▸ EXERCISE GOAL: Exactly as written, set down each line of the data below except its pictures.

▸ RECORDED DATA:

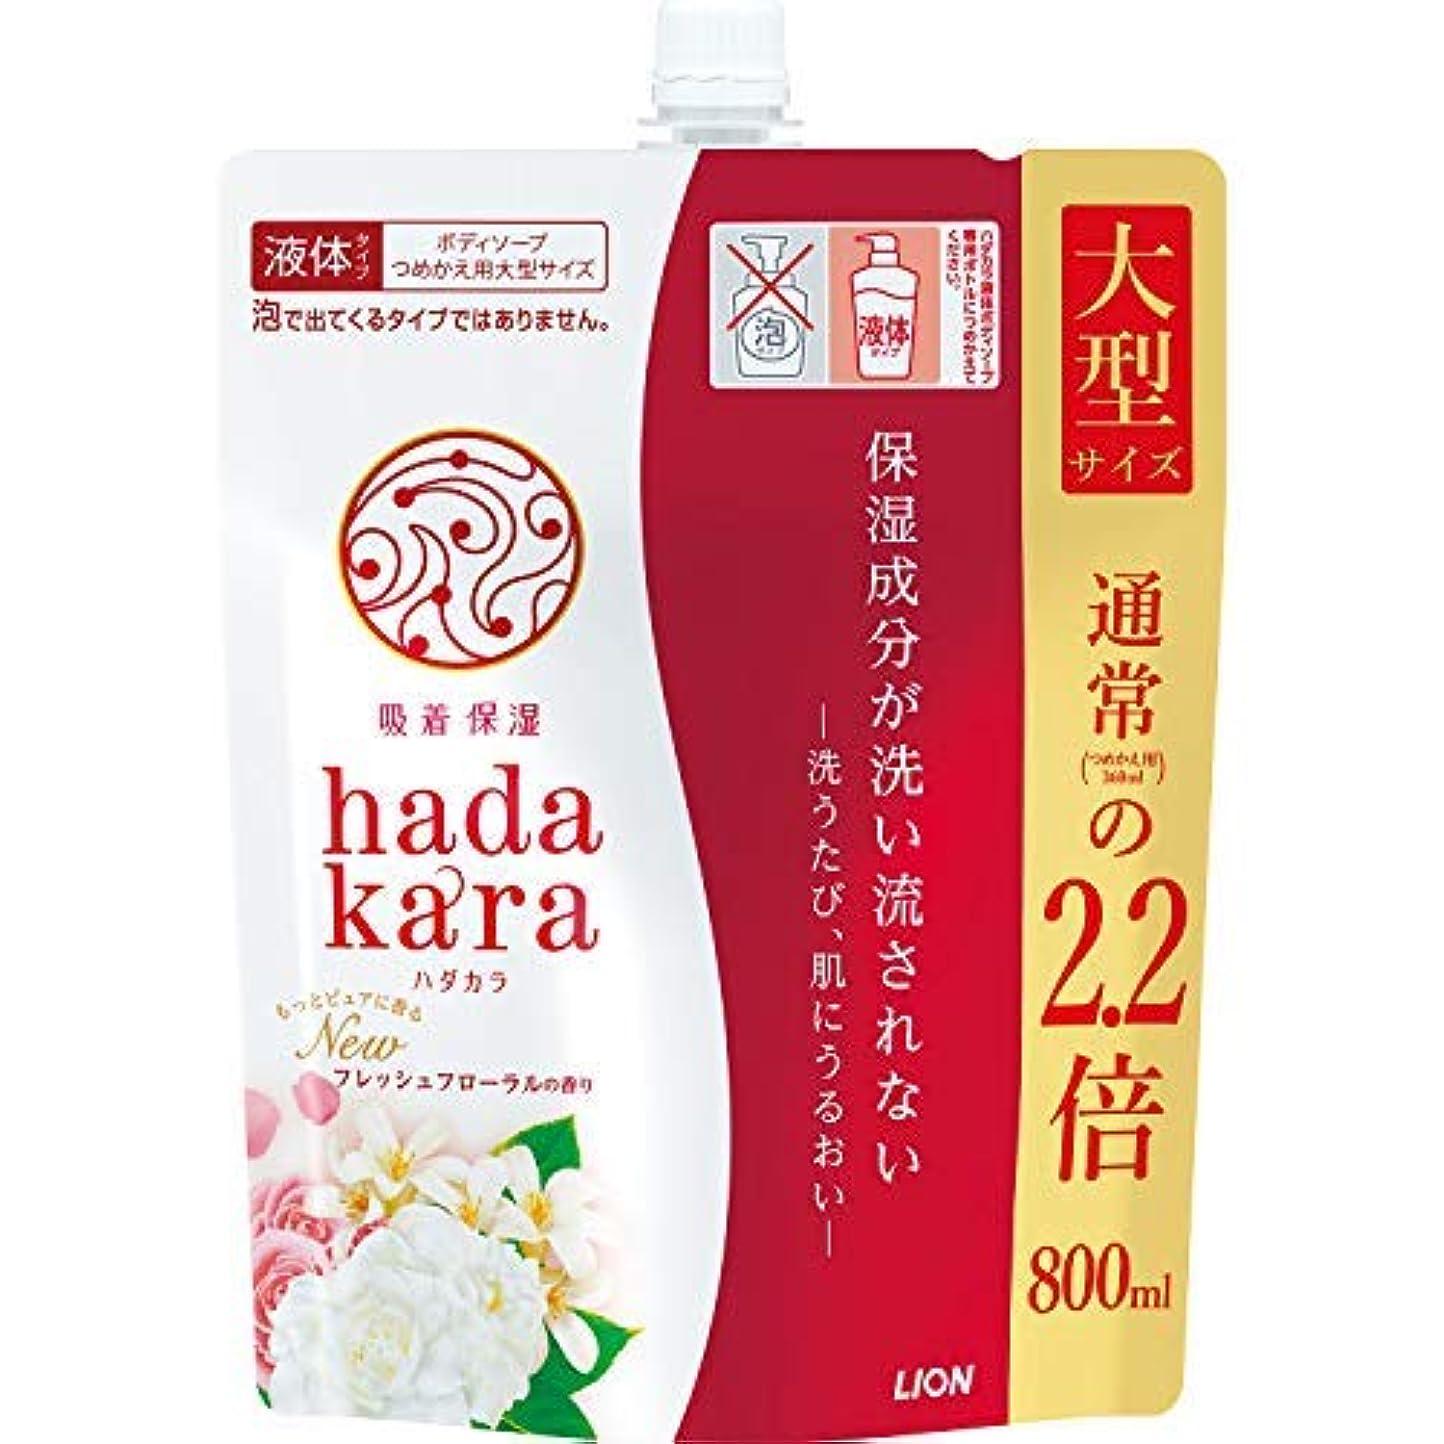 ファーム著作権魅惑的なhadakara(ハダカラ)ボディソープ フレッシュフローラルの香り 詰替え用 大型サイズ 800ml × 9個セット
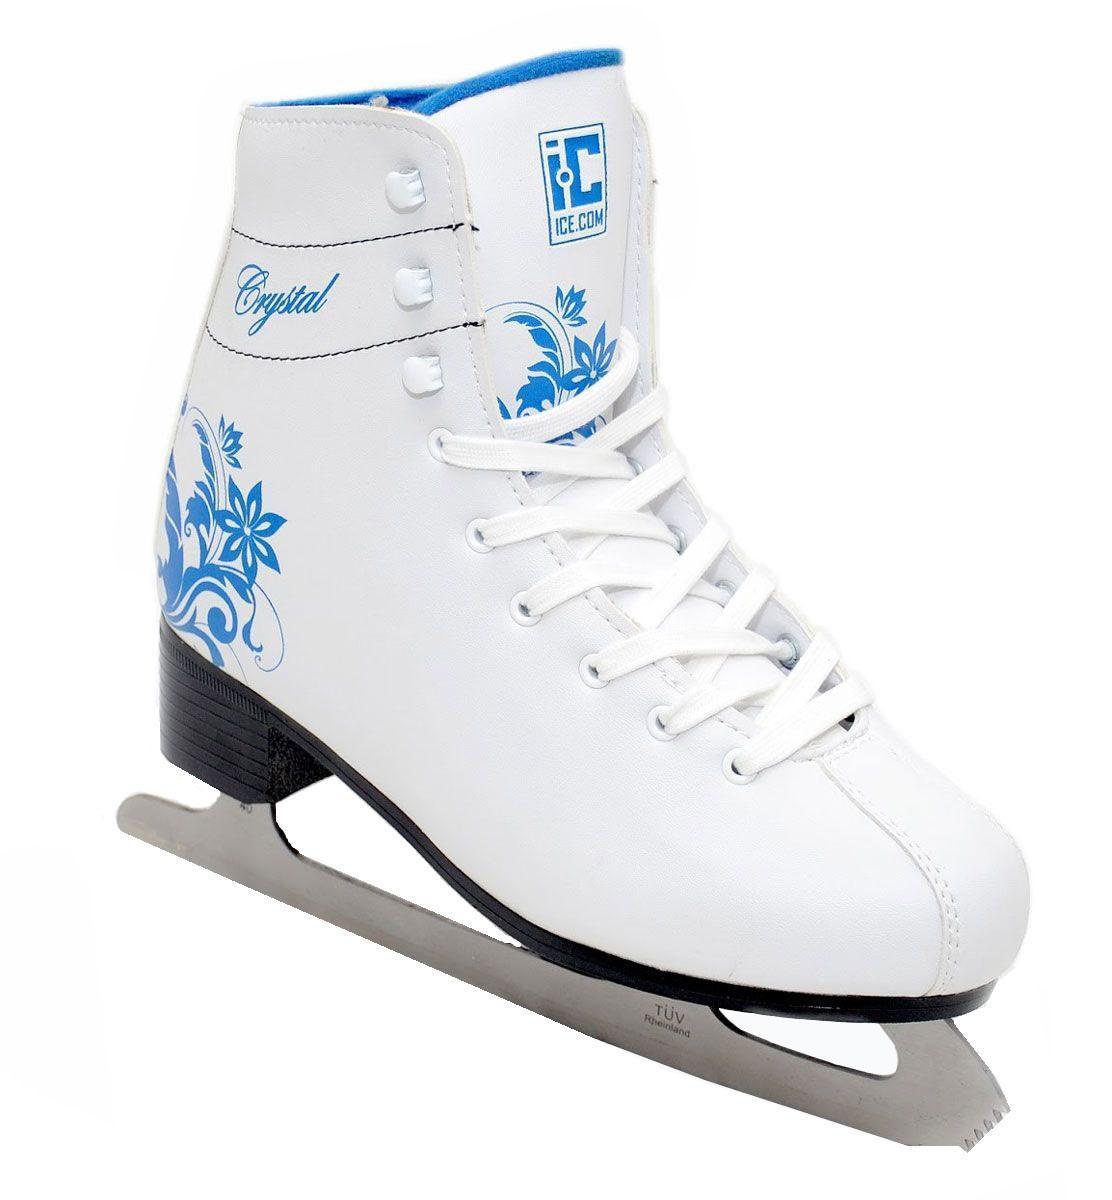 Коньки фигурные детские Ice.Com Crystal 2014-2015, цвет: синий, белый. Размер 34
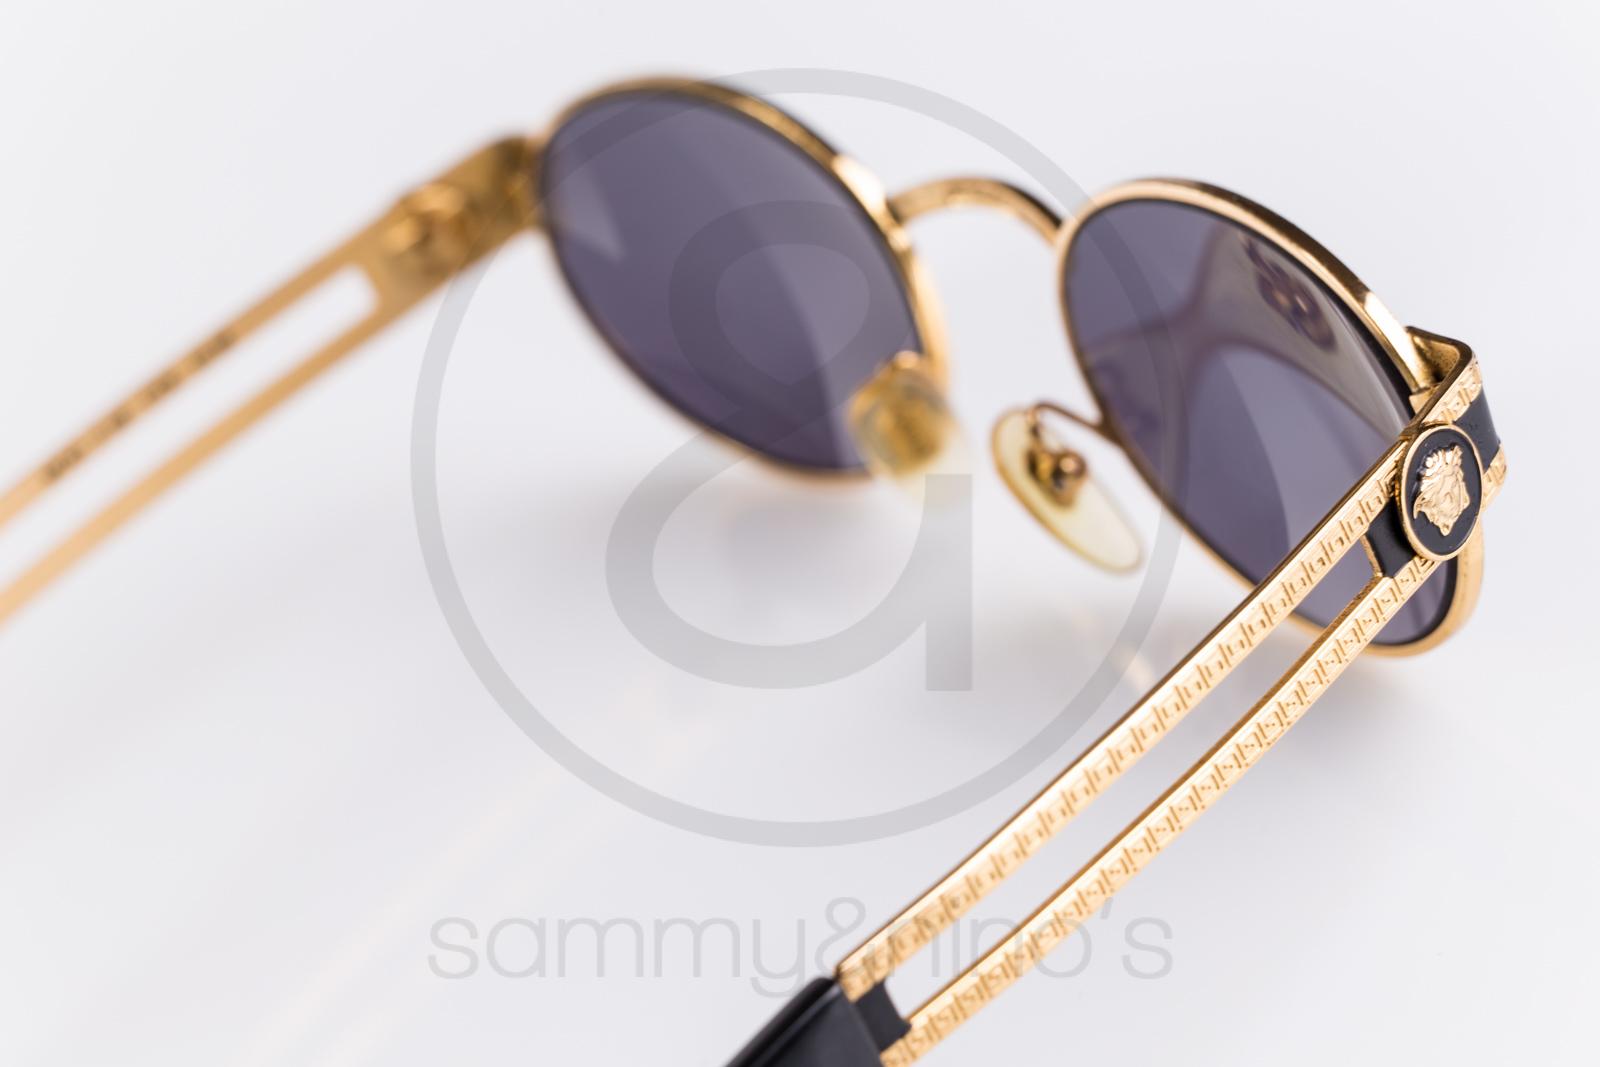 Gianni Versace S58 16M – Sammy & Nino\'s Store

▸ ANSWER TO THIS PROBLEM:
 ファーム著作権魅惑的なhadakara(ハダカラ)ボディソープ フレッシュフローラルの香り 詰替え用 大型サイズ 800ml × 9個セット
 Коньки фигурные детские Ice.Com Crystal 2014-2015, цвет: синий, белый. Размер 34
 Gianni Versace S58 16M – Sammy & Nino\'s Store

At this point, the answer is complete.